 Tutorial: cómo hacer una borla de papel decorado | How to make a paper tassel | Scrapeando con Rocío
==
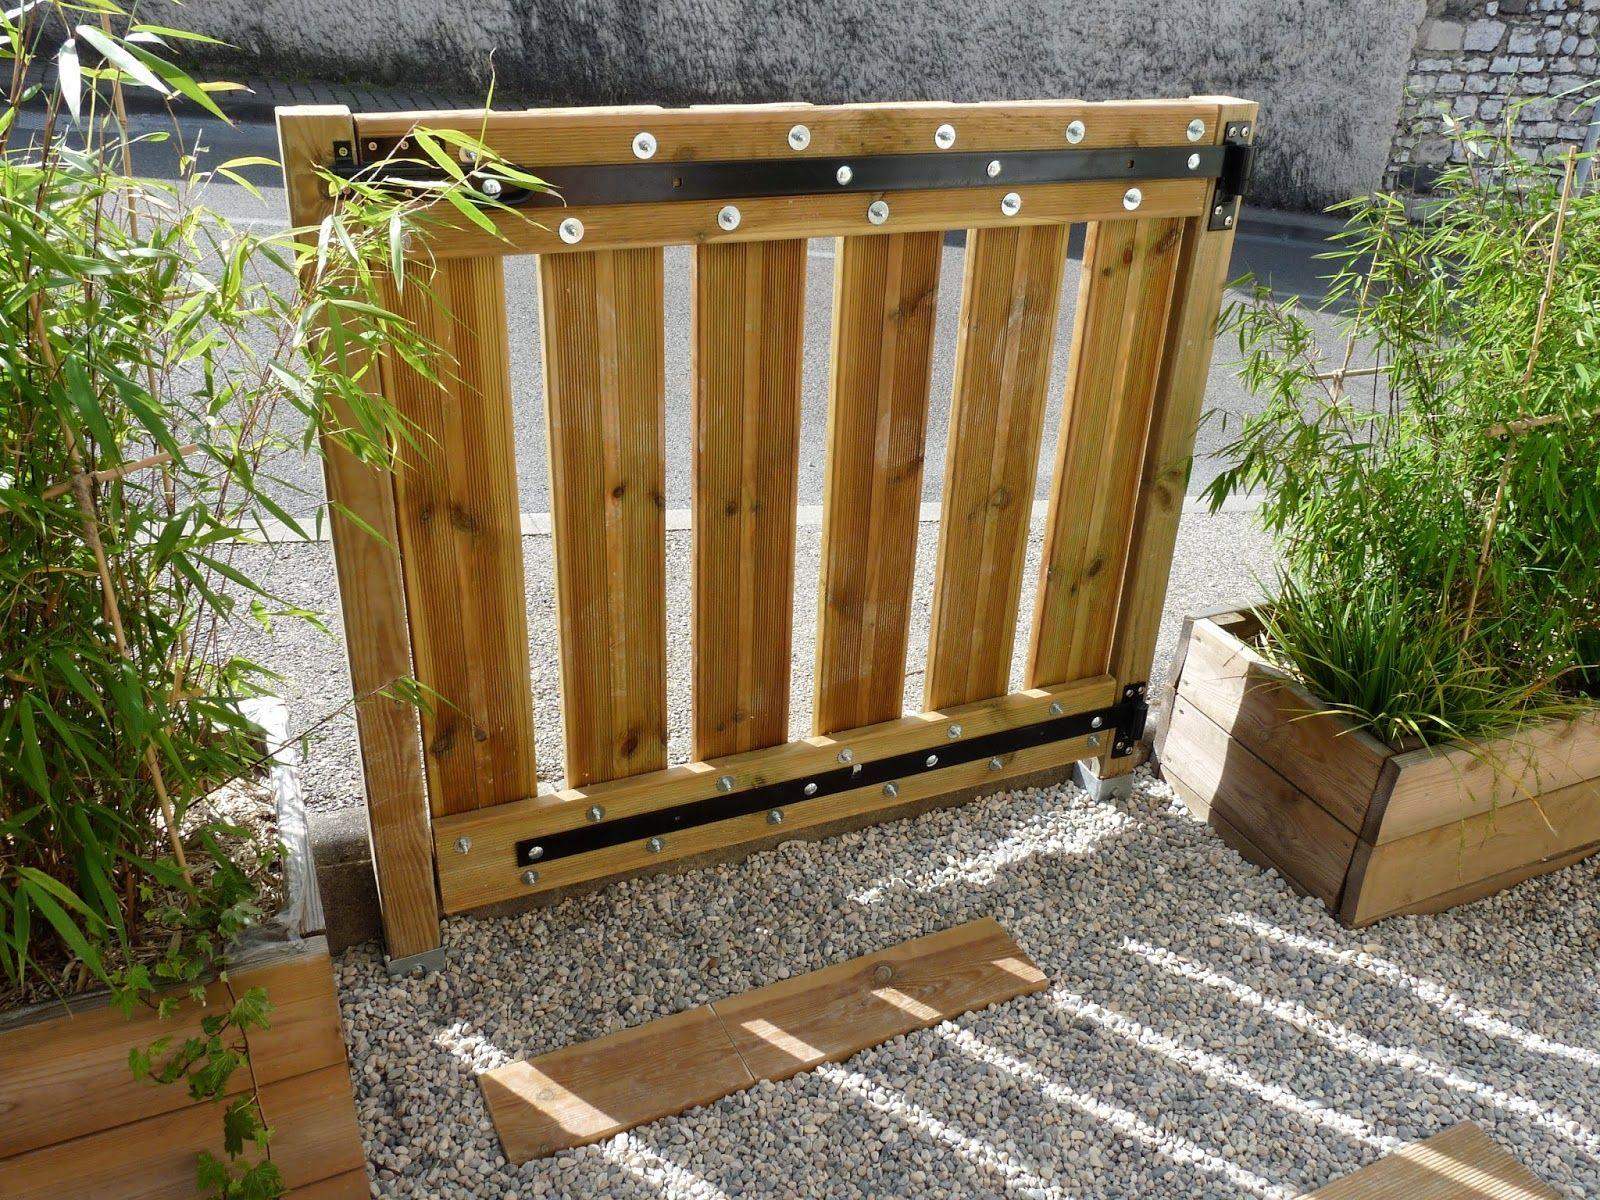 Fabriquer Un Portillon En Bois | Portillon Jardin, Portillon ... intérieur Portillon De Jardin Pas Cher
* * *
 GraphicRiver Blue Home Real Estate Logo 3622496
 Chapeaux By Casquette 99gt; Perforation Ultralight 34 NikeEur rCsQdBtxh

#### WORK INSTRUCTIONS
Return, with no change at all, every line in the entries above from the line containing "GraphicRiver Blue Home" through the line containing "Chapeaux By Casquette".

#### RESPONSE TO THIS EXERCISE
 GraphicRiver Blue Home Real Estate Logo 3622496
 Chapeaux By Casquette 99gt; Perforation Ultralight 34 NikeEur rCsQdBtxh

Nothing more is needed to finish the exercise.